Что я мог без любви Божией Матери, без ясной и высокой духовной цели, без духовного руководства и ежедневного причастия, без молитвенной жизни? Но более всего я нуждался в том, чтобы узнать вкус сверхъестественной жизни, и в последовательном умерщвлении своих страстей, укрощении своей буйной натуры.
Я жестоко ошибался, полагая, что христианская жизнь – это та же естественная жизнь, только каким-то чудесным образом наделенная благодатью. Я думал, что должен всего лишь продолжать жить как прежде, думать и поступать как прежде, за одним исключением – следует избегать смертного греха.
Мне не приходило в голову, что, если я буду продолжать жить как жил прежде, мне просто не удастся избежать смертного греха. Ибо прежде крещения я жил для себя одного. Я жил ради удовлетворения собственных желаний и амбиций, ради своего удовольствия, комфорта, репутации и успеха. Крещение принесло с собой обязанность укротить мои природные стремления, чтобы подчиниться Божественной воле. «Потому что плотские помышления суть вражда против Бога; ибо закону Божию не покоряются, да и не могут. Посему живущие по плоти Богу угодить не могут. … ибо если живете по плоти, то умрете, а если духом умерщвляете дела плотские, то живы будете. Ибо все, водимые Духом Божиим, суть сыны Божии». Spiritu ambulate et desideria carnis non perficietis
[341].
Св. Фома поясняет слова Послания к римлянам очень ясно и просто. Плотское помышление принимает природные стремления за благо, к которому устремлена вся человеческая жизнь. Потому оно неизбежно склоняет нашу волю нарушить Божественный закон.

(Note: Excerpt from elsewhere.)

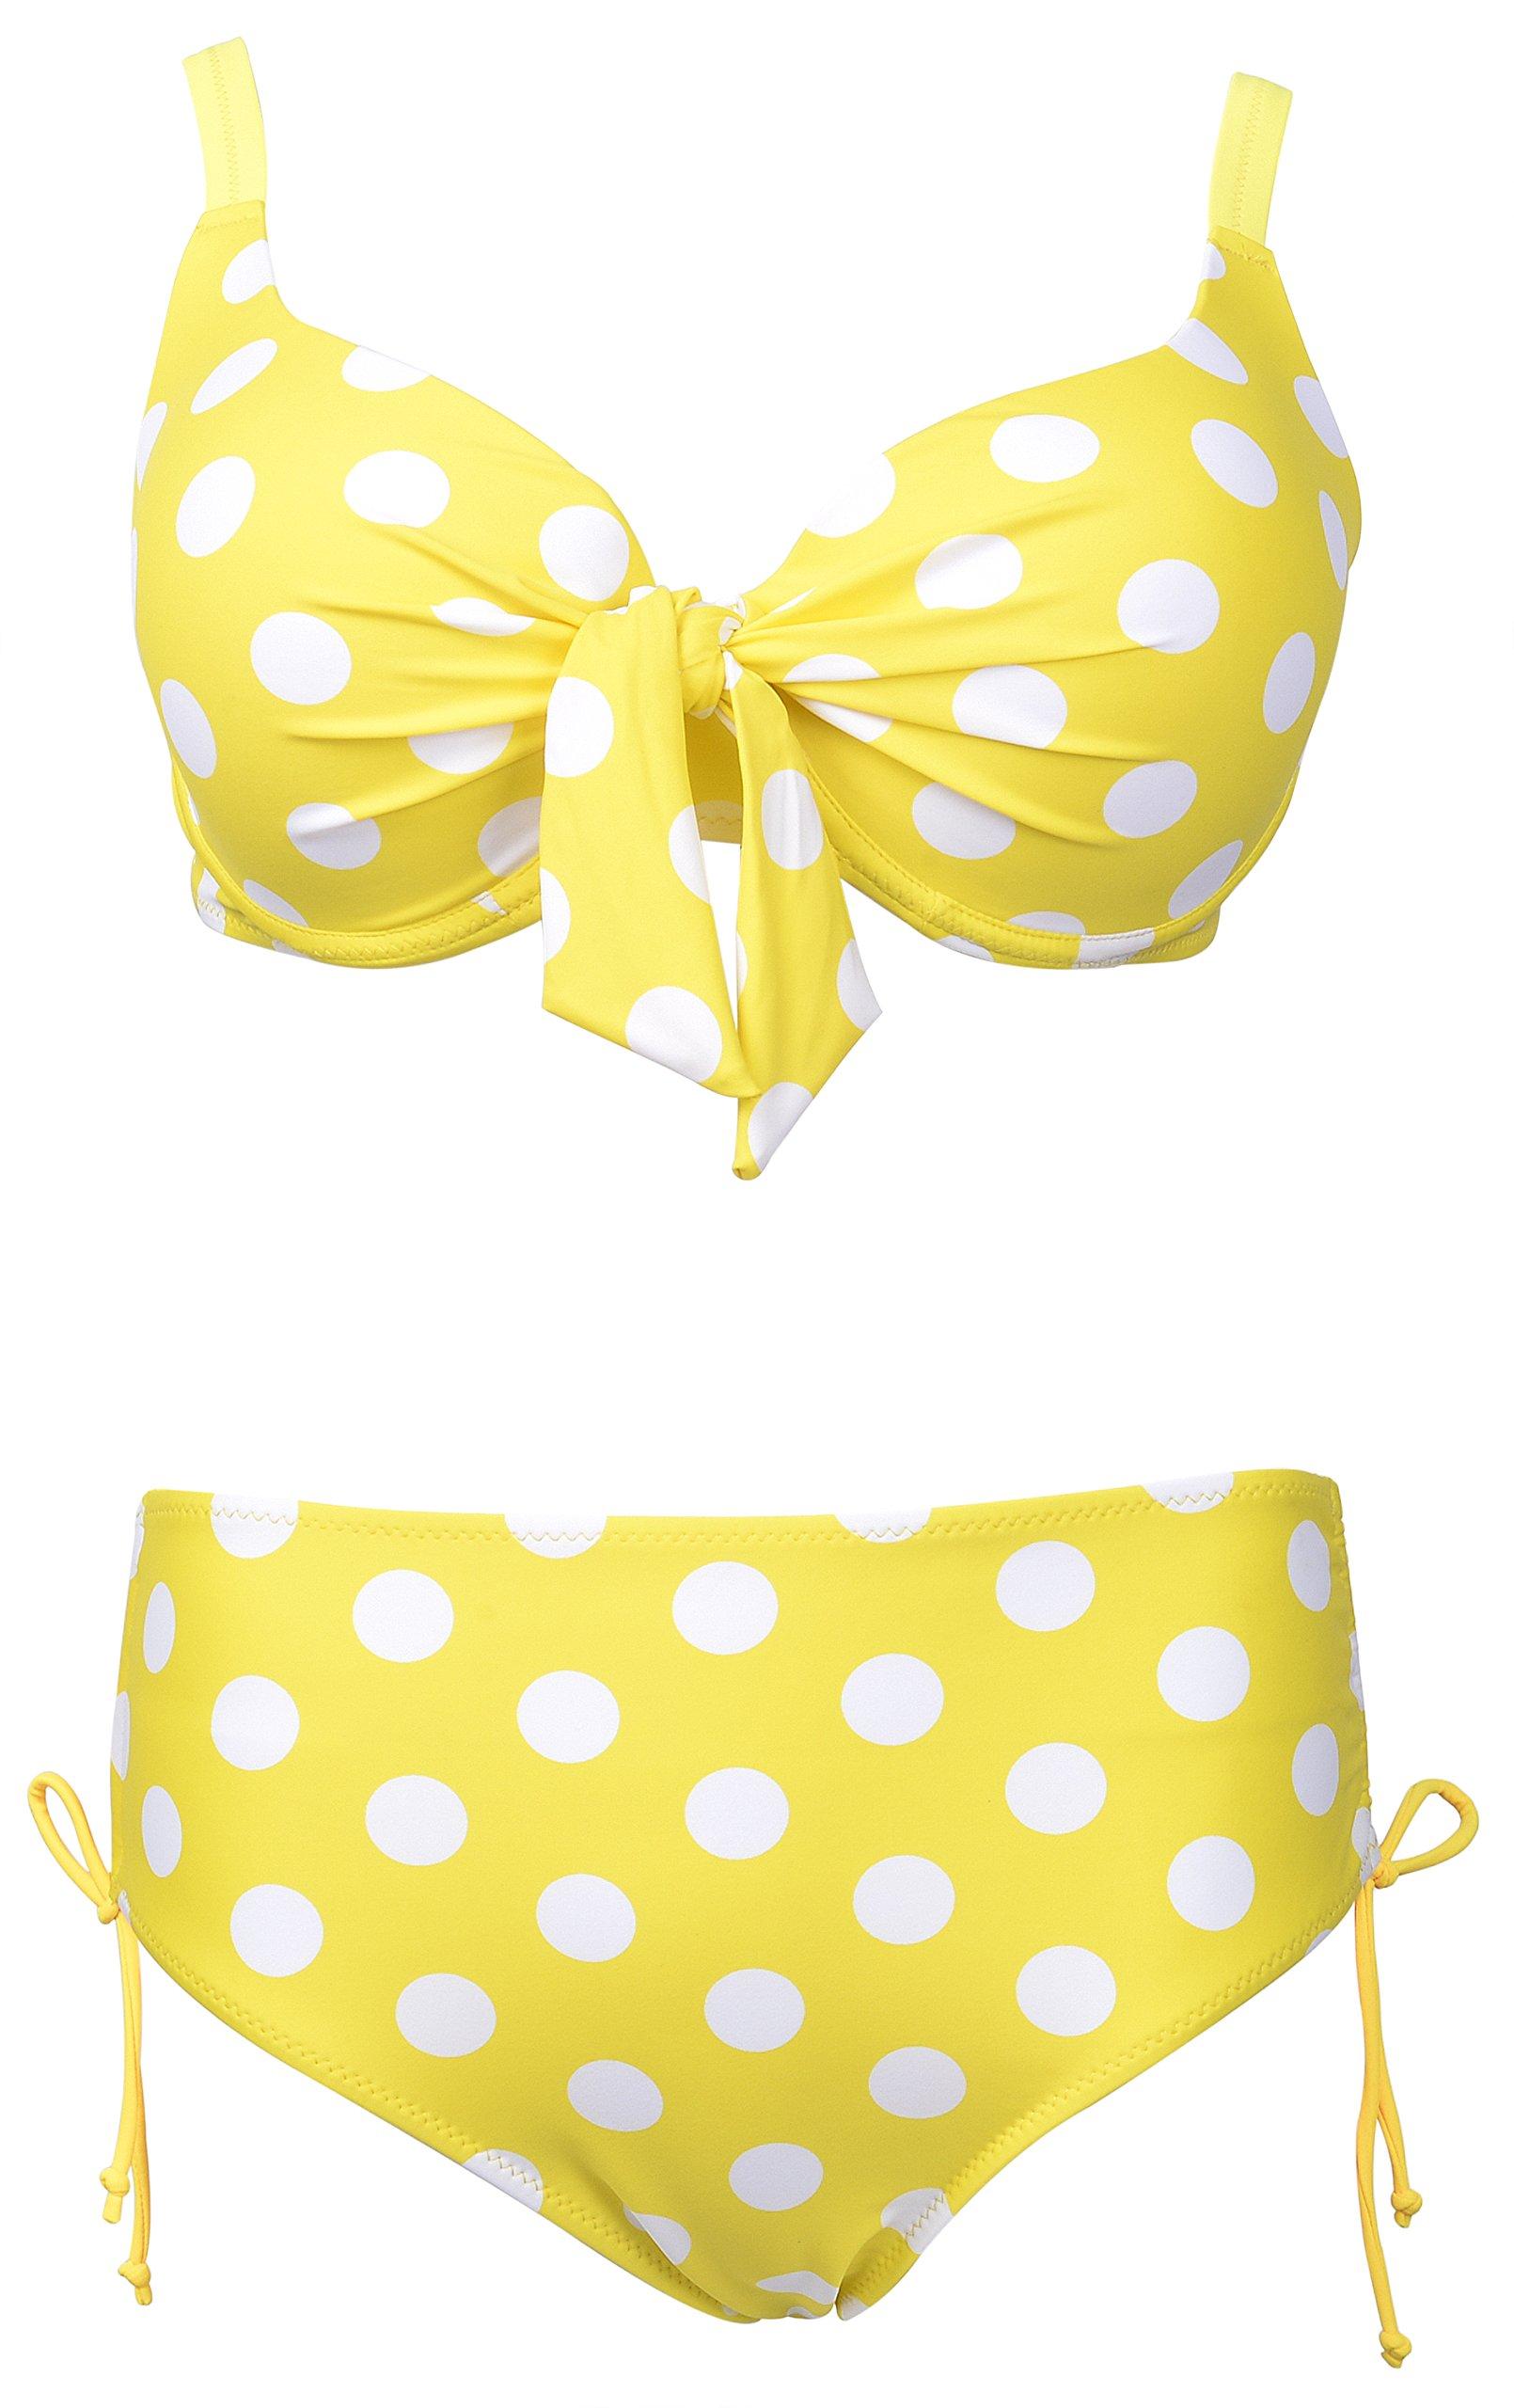 QZUnique Women's Plus Dot Vintage Bikini Bow Busted Push up 2 Pieces Swimsuit Swimwear Yellow White US 18-20W

Пока человек готов предпочесть Божьей воле свою собственную, о нем можно сказать, что он ненавидит Бога. Конечно, он ненавидит не Его Самого, но – заповеди Его, которые нарушает. Но ведь Бог есть наша жизнь, а Его воля – наша пища, хлеб нашей жизни. Ненавидеть жизнь – значит войти в смерть, а потому и благоразумие плоти есть смерть.

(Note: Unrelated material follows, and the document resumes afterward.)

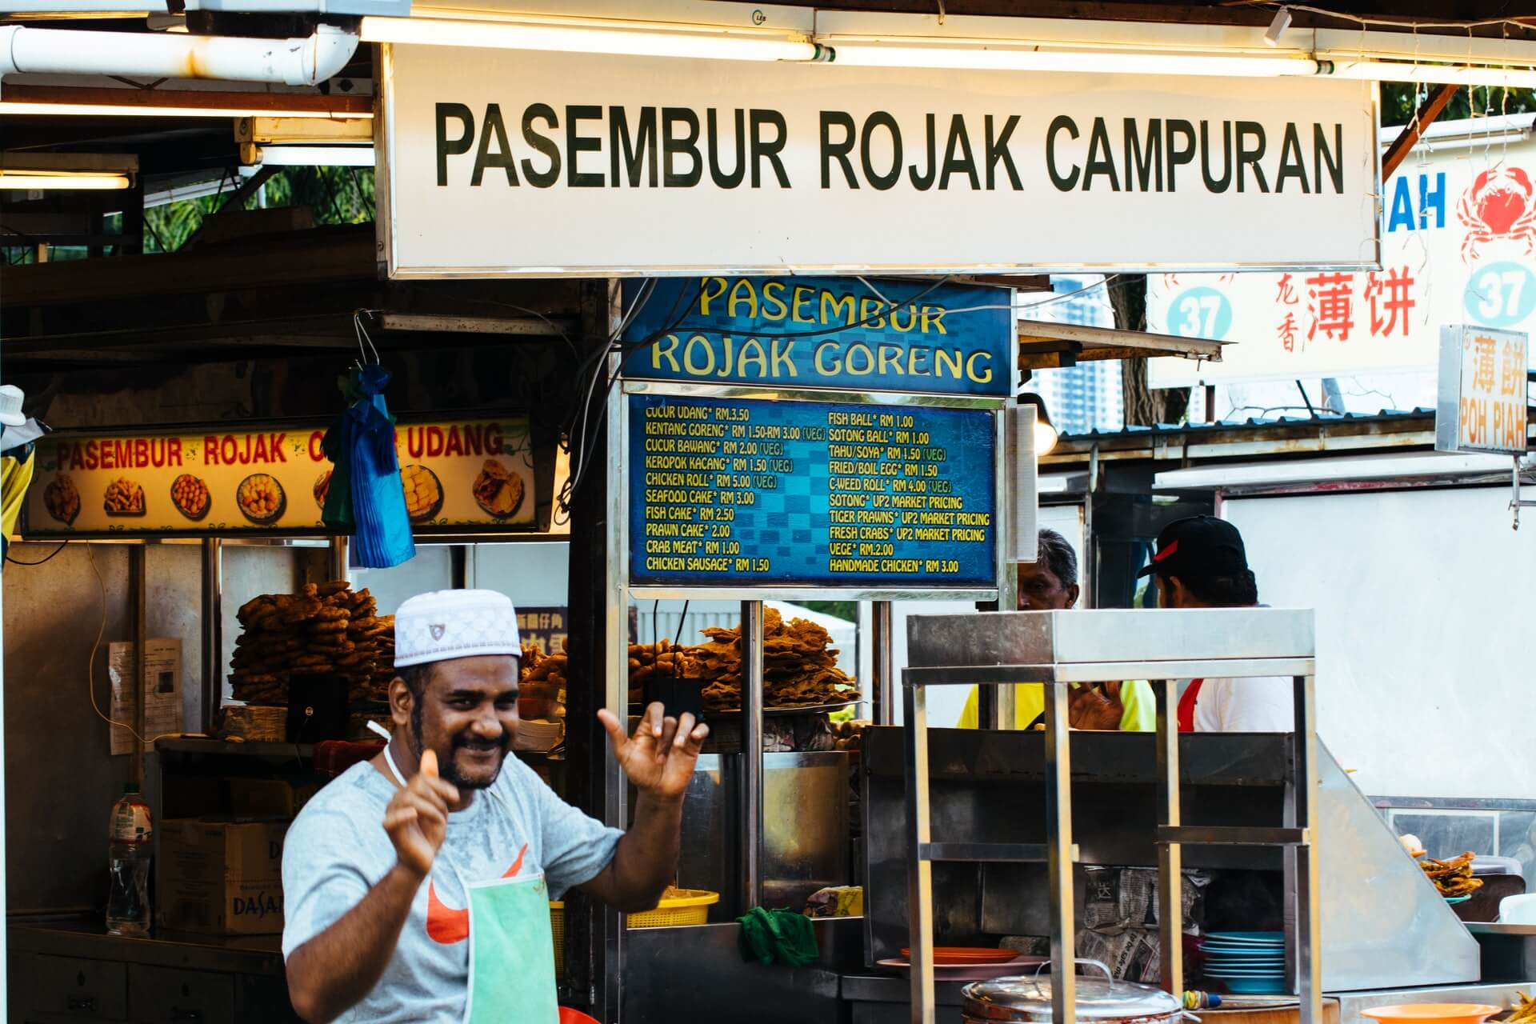 A man serving street food goreng in Kuala Lumpur, Malaysia

Спасло меня только невежество. После крещения я жил так же, как и до него, и оказался в положении тех, кто презрел Бога, потому что больше, чем Его, любил мир и собственную плоть. А поскольку именно здесь было мое сердце
[342], то я был обречен подпасть смертному греху, потому что почти всё, что я делал, благодаря моей привычке прежде всего угождать самому себе, ослабляло и заглушало действие благодати в моей душе.
Но ничего этого я тогда не понимал. Пережив глубокое интеллектуальное обращение, я полагал, что полностью обратился. Ведь я верил в Бога, в учение Церкви, был готов ночи напролет спорить о них со всеми приходящими, и потому вообразил, что я-то точно ревностный христианин.

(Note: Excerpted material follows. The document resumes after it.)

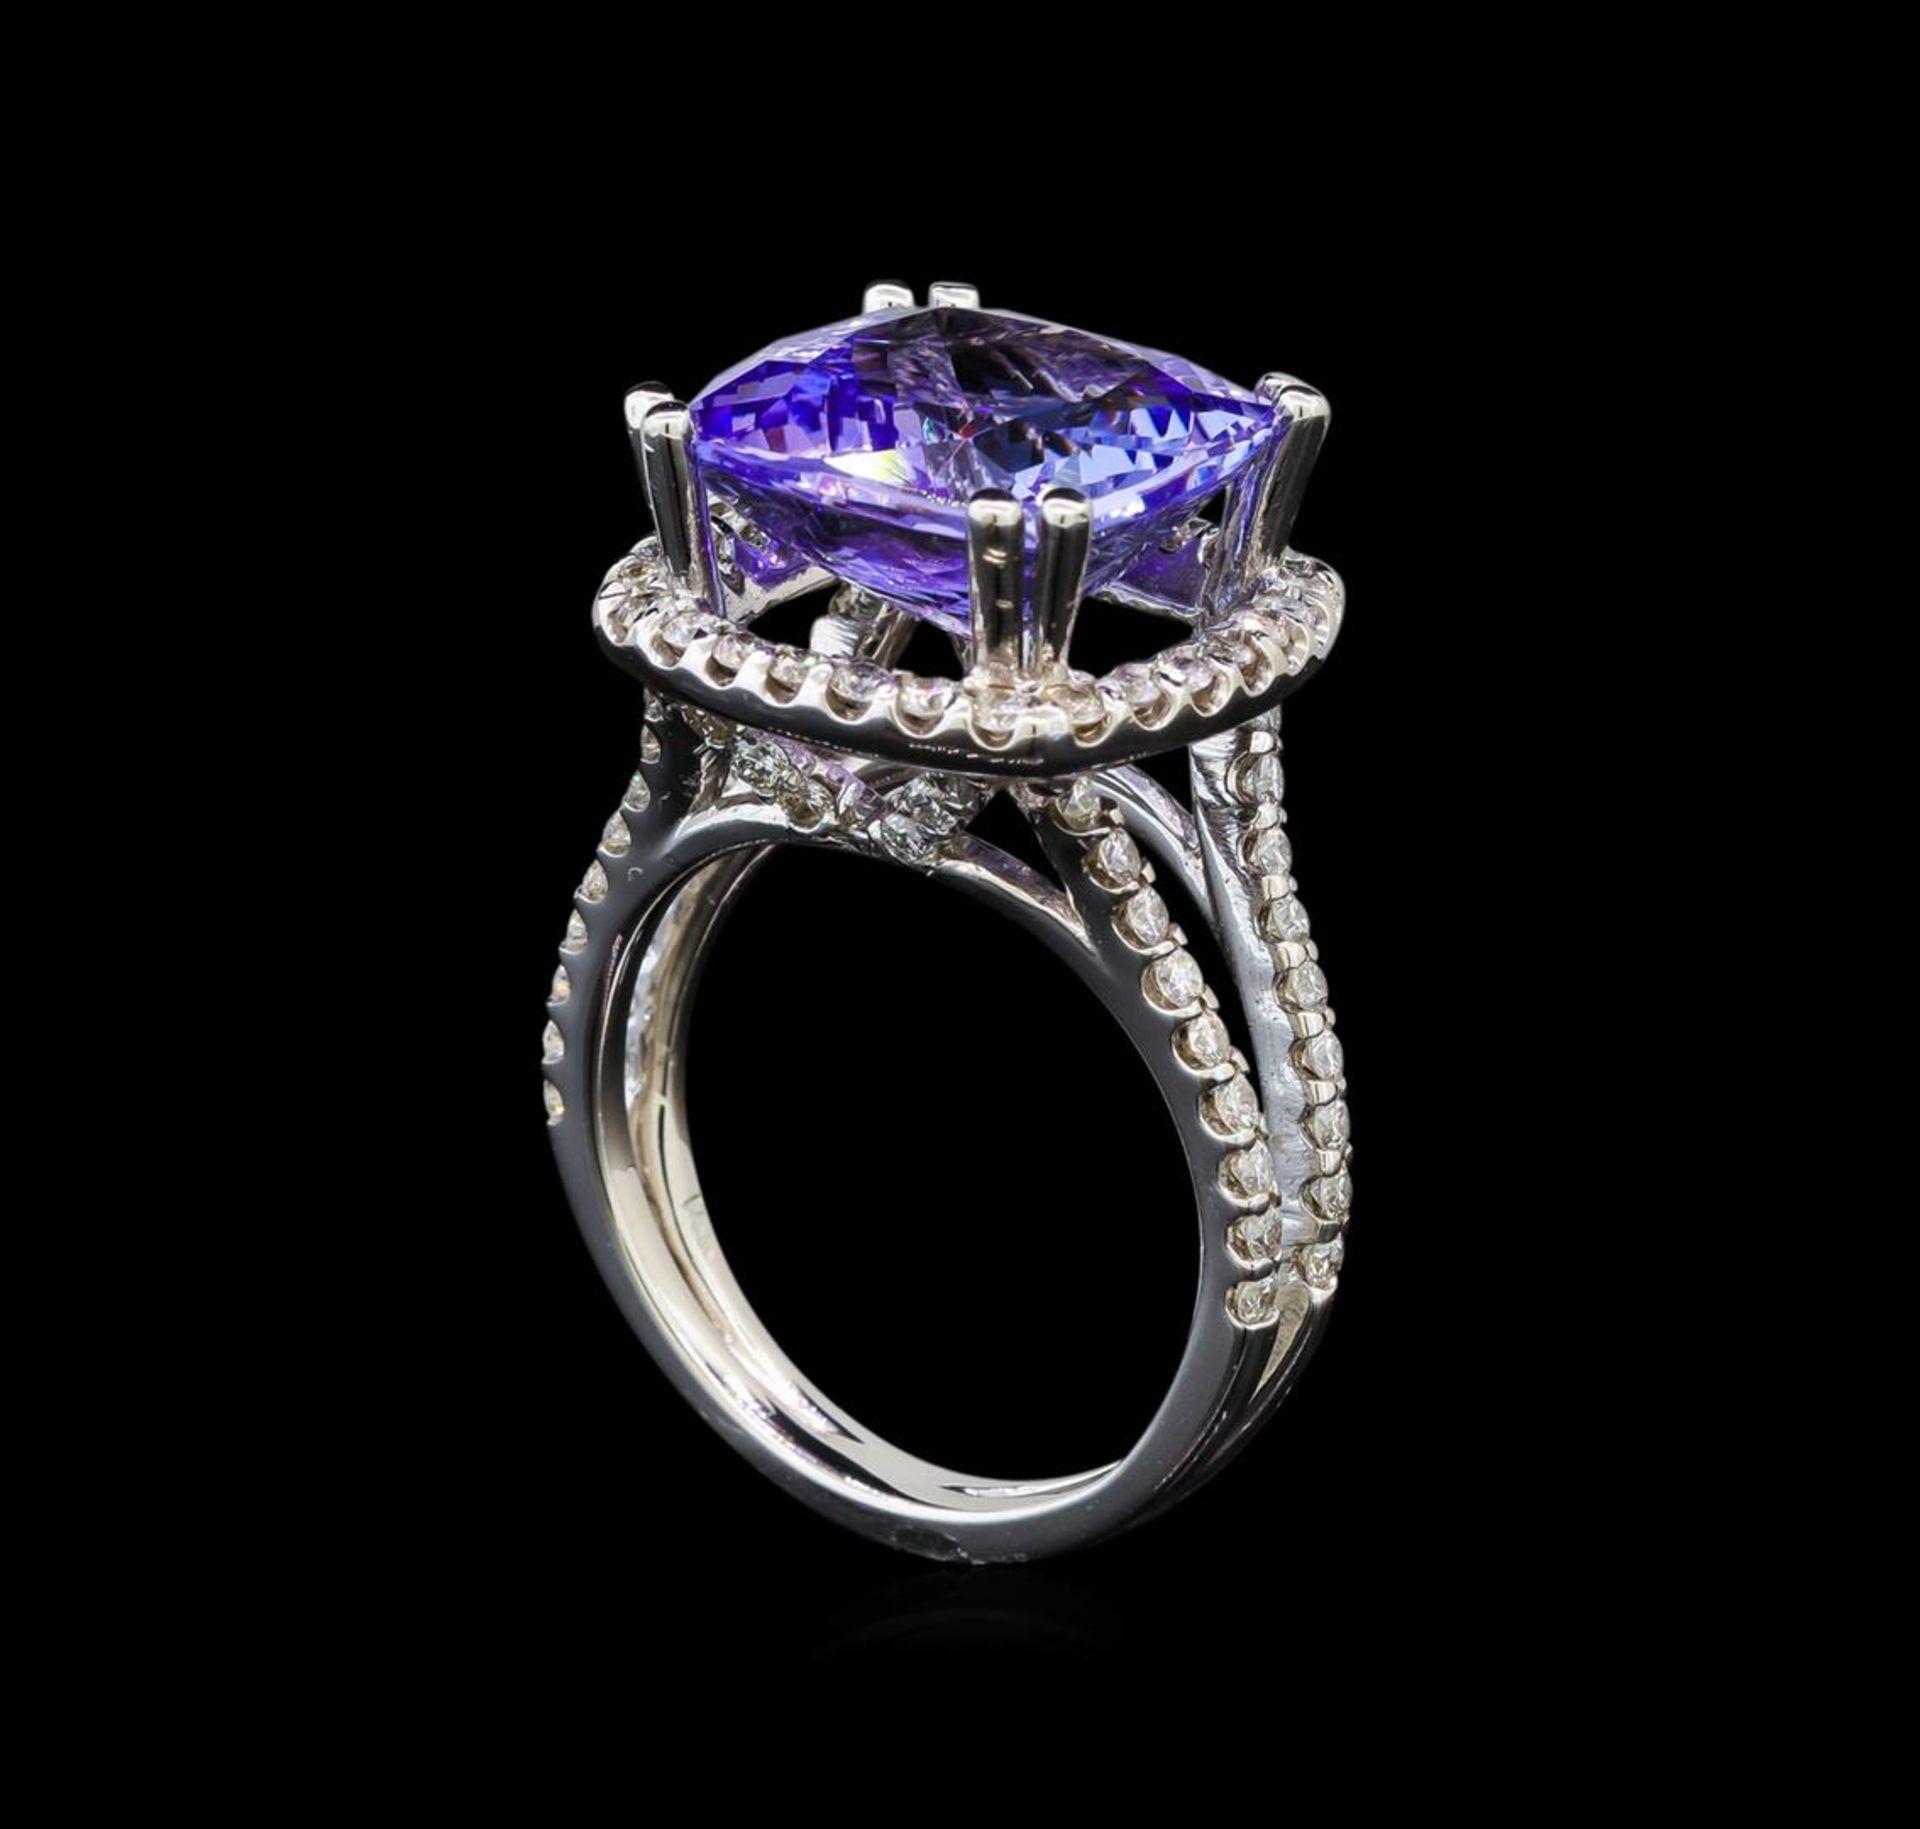 14KT White Gold 9.07 ctw Tanzanite and Diamond Ring - Image 4 of 5

Но интеллектуального обращения недостаточно. Пока воля, domina voluntas
[343], не принадлежит целиком Богу, умственное обращение обречено оставаться шатким и ненадежным. Потому что, хотя воля не может заставить ум видеть предмет иначе, чем он есть, но может отвратить его от предмета и помешать вообще размышлять о нем.
Где была моя воля? «Где сокровище ваше, там будет и сердце ваше»
[344], а я не собирал себе сокровищ на небесах. Все они были на земле. Я хотел быть писателем, поэтом, критиком, преподавателем. Я хотел наслаждаться всеми радостями ума и чувств, и для того, чтобы получать эти радости, без колебаний ставил себя в положение, которое, я знал, приведет к духовной катастрофе. Хотя в целом я был столь ослеплен собственными амбициями, что никогда толком не задумывался об этом, до тех пор, пока не стало слишком поздно, и урон был нанесен.